**Information shown**
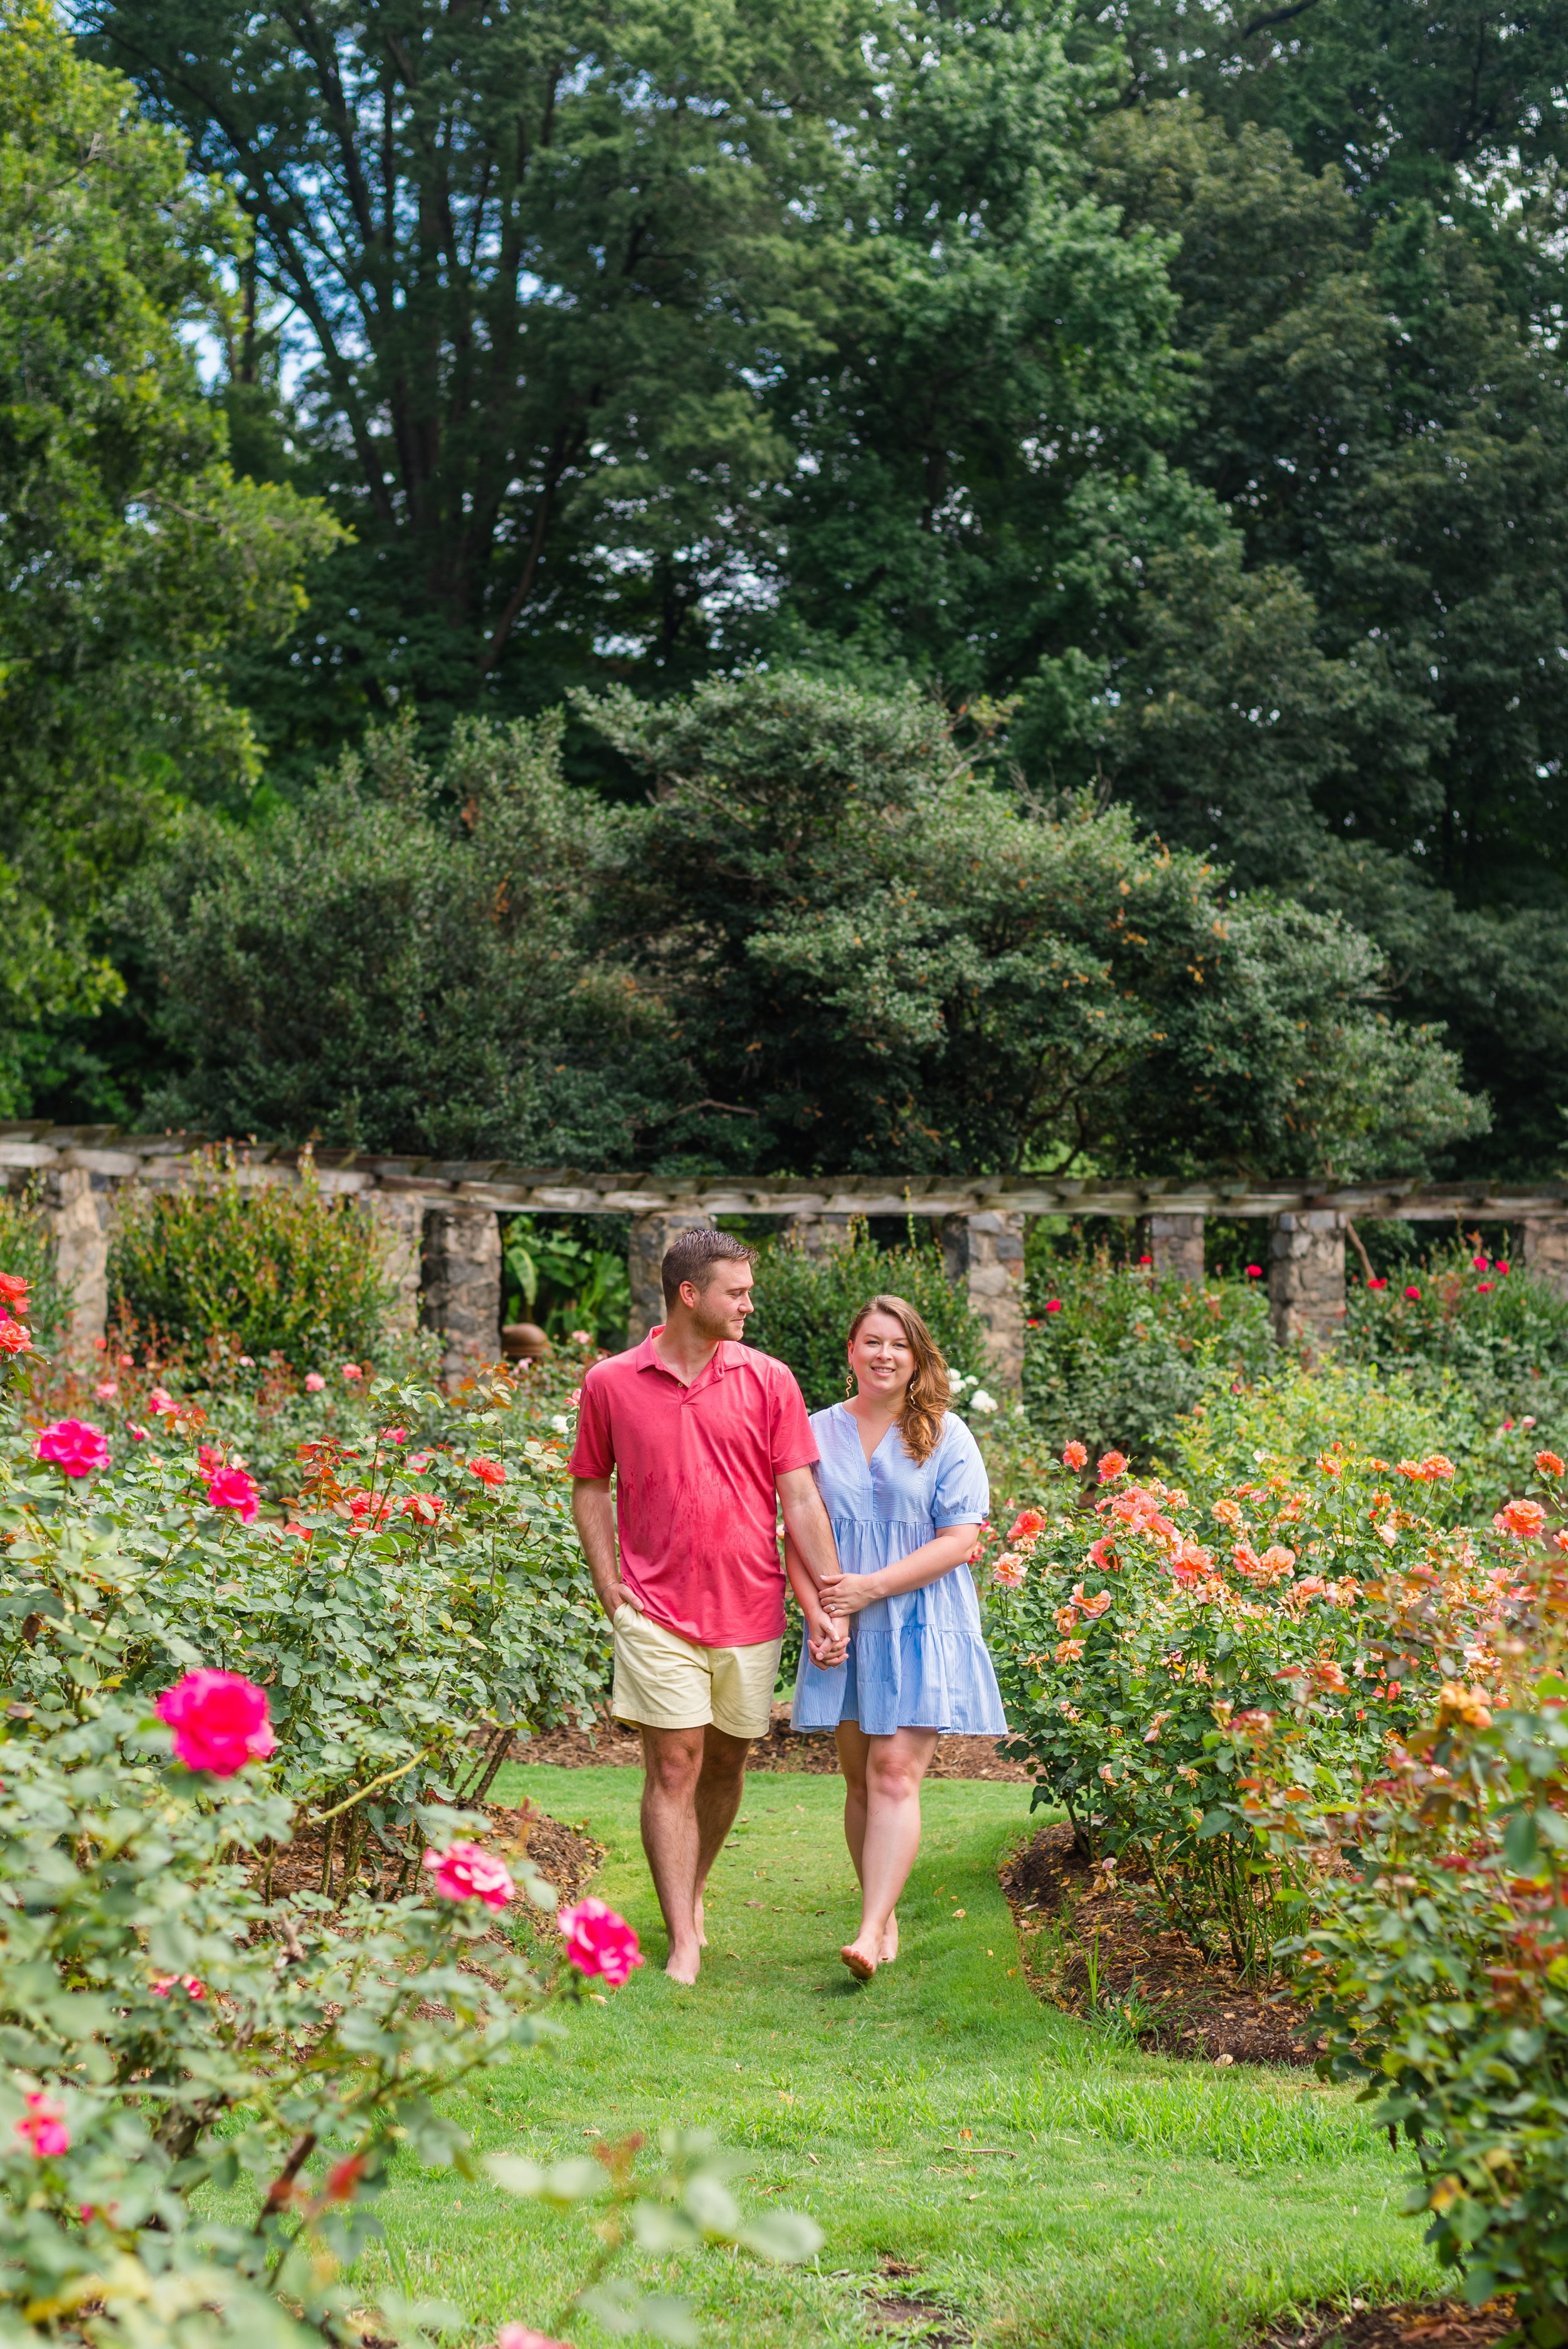 Summer Picnic Proposal At The Raleigh Rose Garden — Southern Picnics
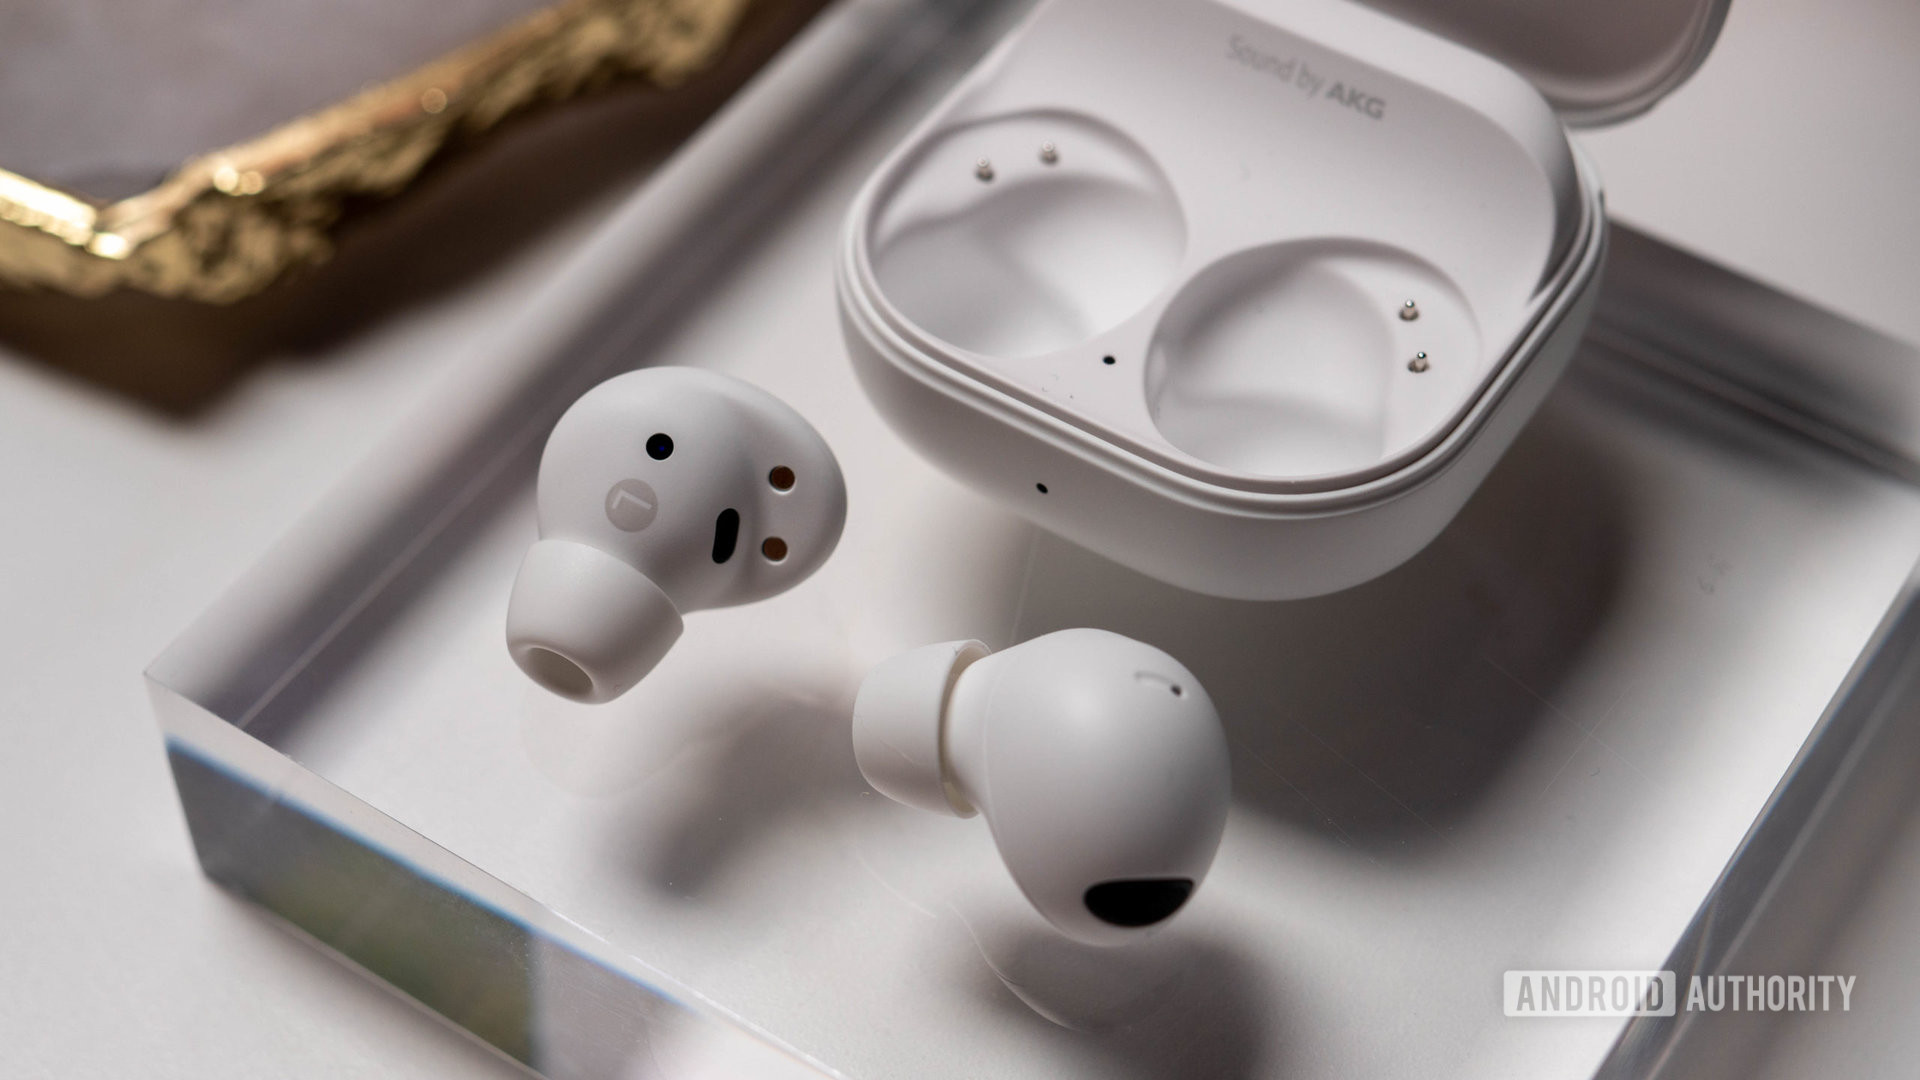 Samsung Galaxy Buds 2 Pro in white color next to charging case
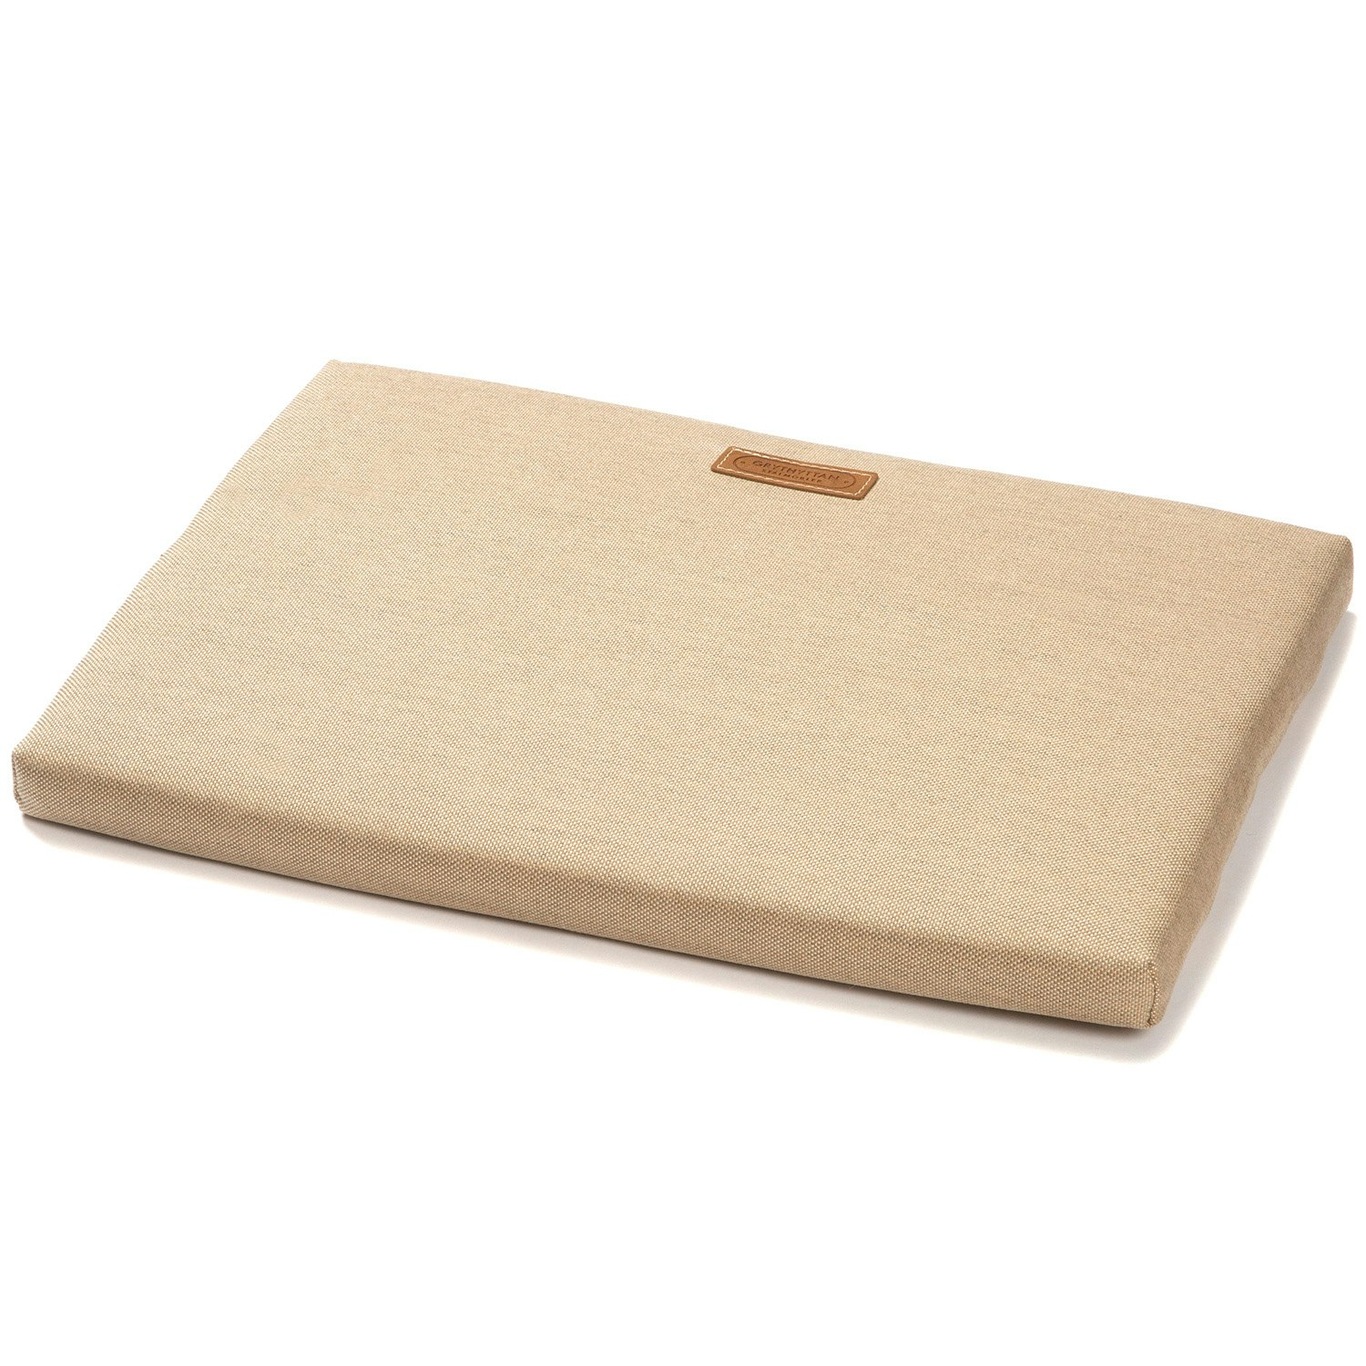 A3 Seat Cushion For Footstool, Beige

**Your task**
Could the material above be given again exactly, pictures excluded?

**Output for this task**
 Summer Picnic Proposal At The Raleigh Rose Garden — Southern Picnics
 Samsung Galaxy Buds 2 Pro in white color next to charging case
 A3 Seat Cushion For Footstool, Beige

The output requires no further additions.